PROVIDED DATA:
Segment Open

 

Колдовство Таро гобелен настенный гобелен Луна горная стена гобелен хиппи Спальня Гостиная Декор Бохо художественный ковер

Segment Closed
Segment Open

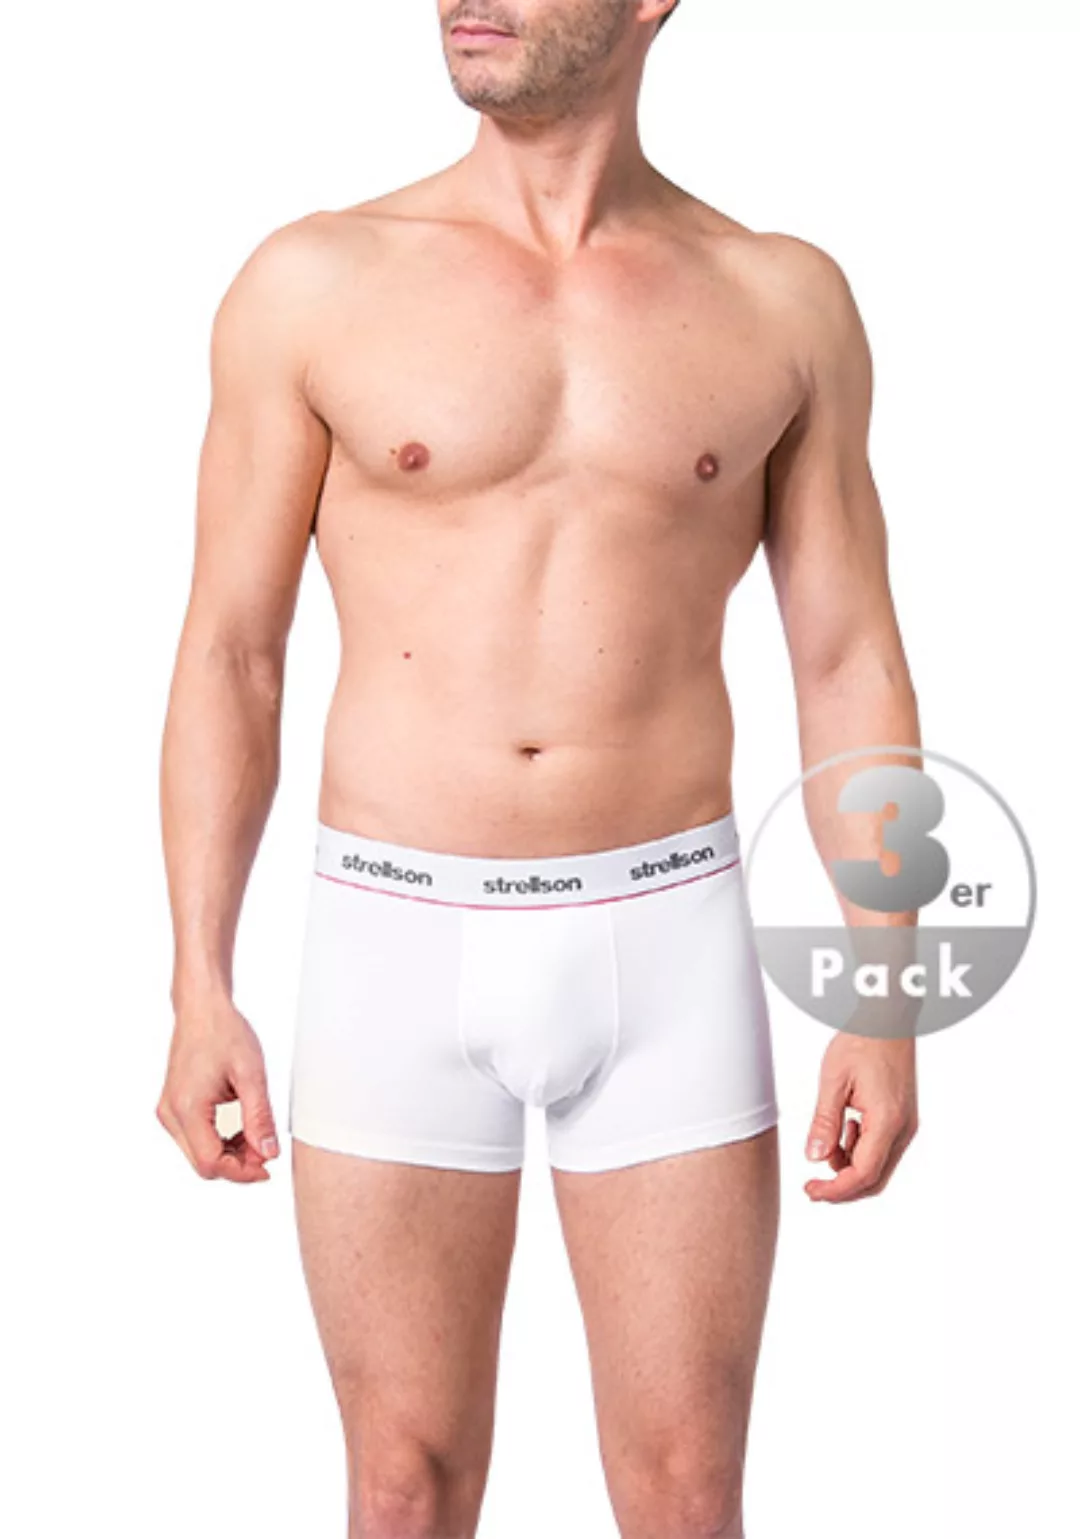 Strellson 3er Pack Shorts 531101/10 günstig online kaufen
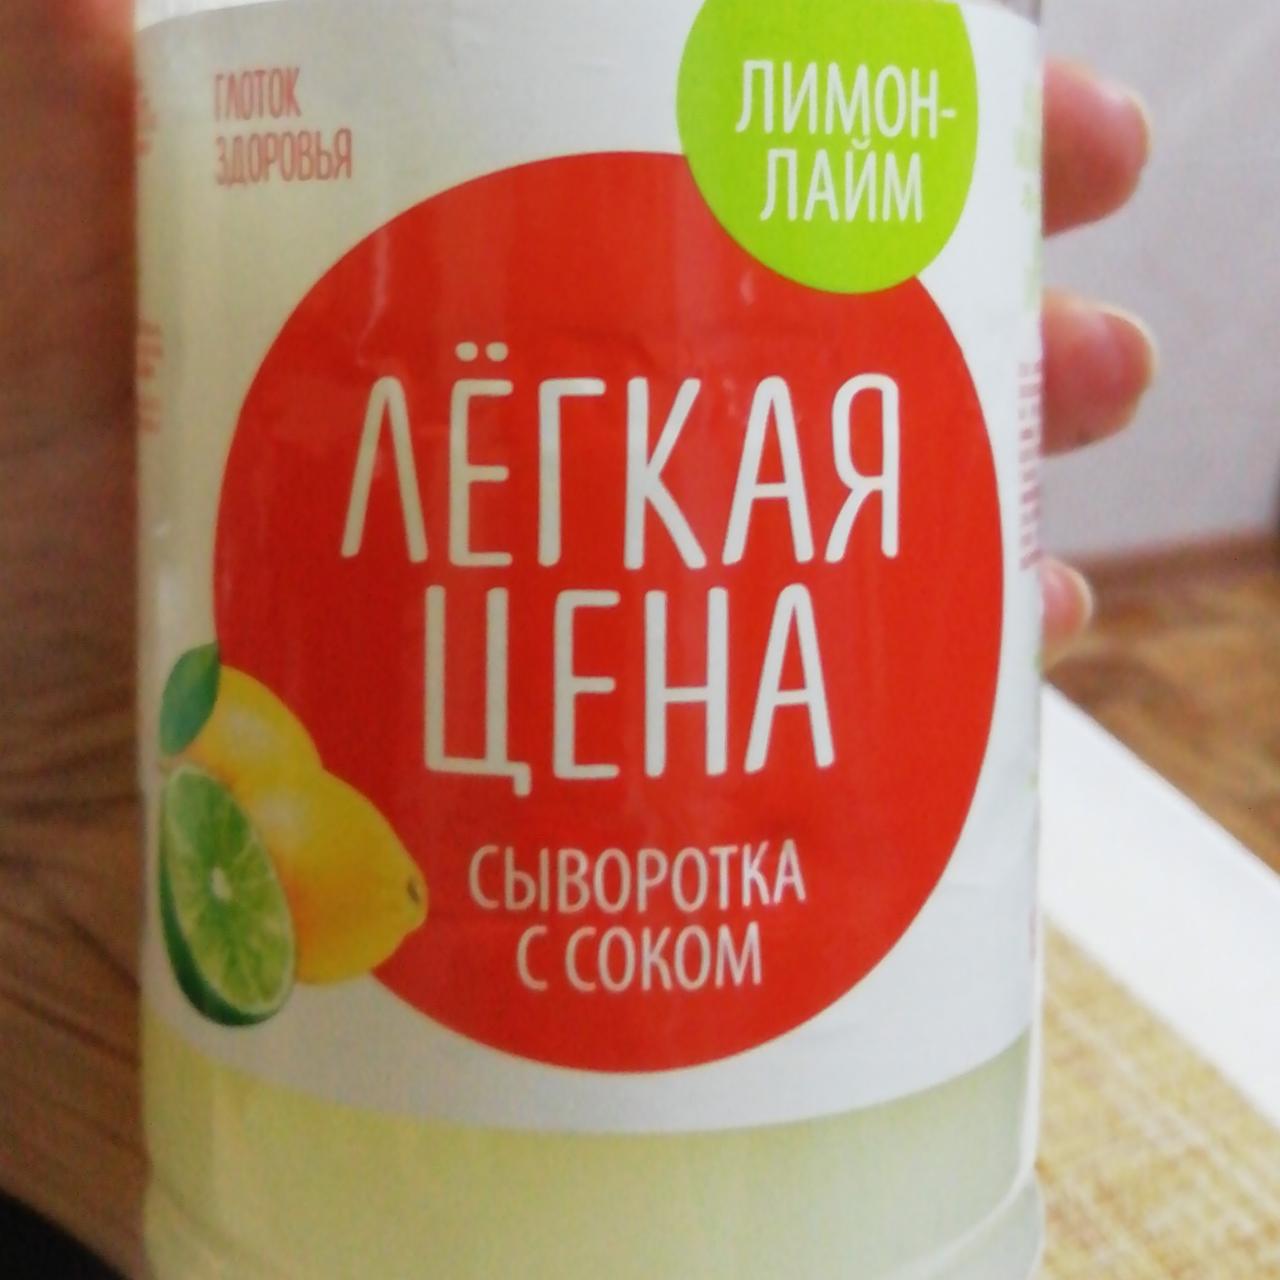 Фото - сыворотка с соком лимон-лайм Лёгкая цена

Segment Closed
Segment Open

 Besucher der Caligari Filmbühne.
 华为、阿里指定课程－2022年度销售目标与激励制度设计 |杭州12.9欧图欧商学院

Segment Closed

EXERCISE REQUIREMENTS: Can you repeat, word for word, every line above from the one containing "Besucher der Caligari Filmbühne." down to the one containing "华为、阿里指定课程－2022", including both?

RESULT OF THIS TASK:
 Besucher der Caligari Filmbühne.
 华为、阿里指定课程－2022年度销售目标与激励制度设计 |杭州12.9欧图欧商学院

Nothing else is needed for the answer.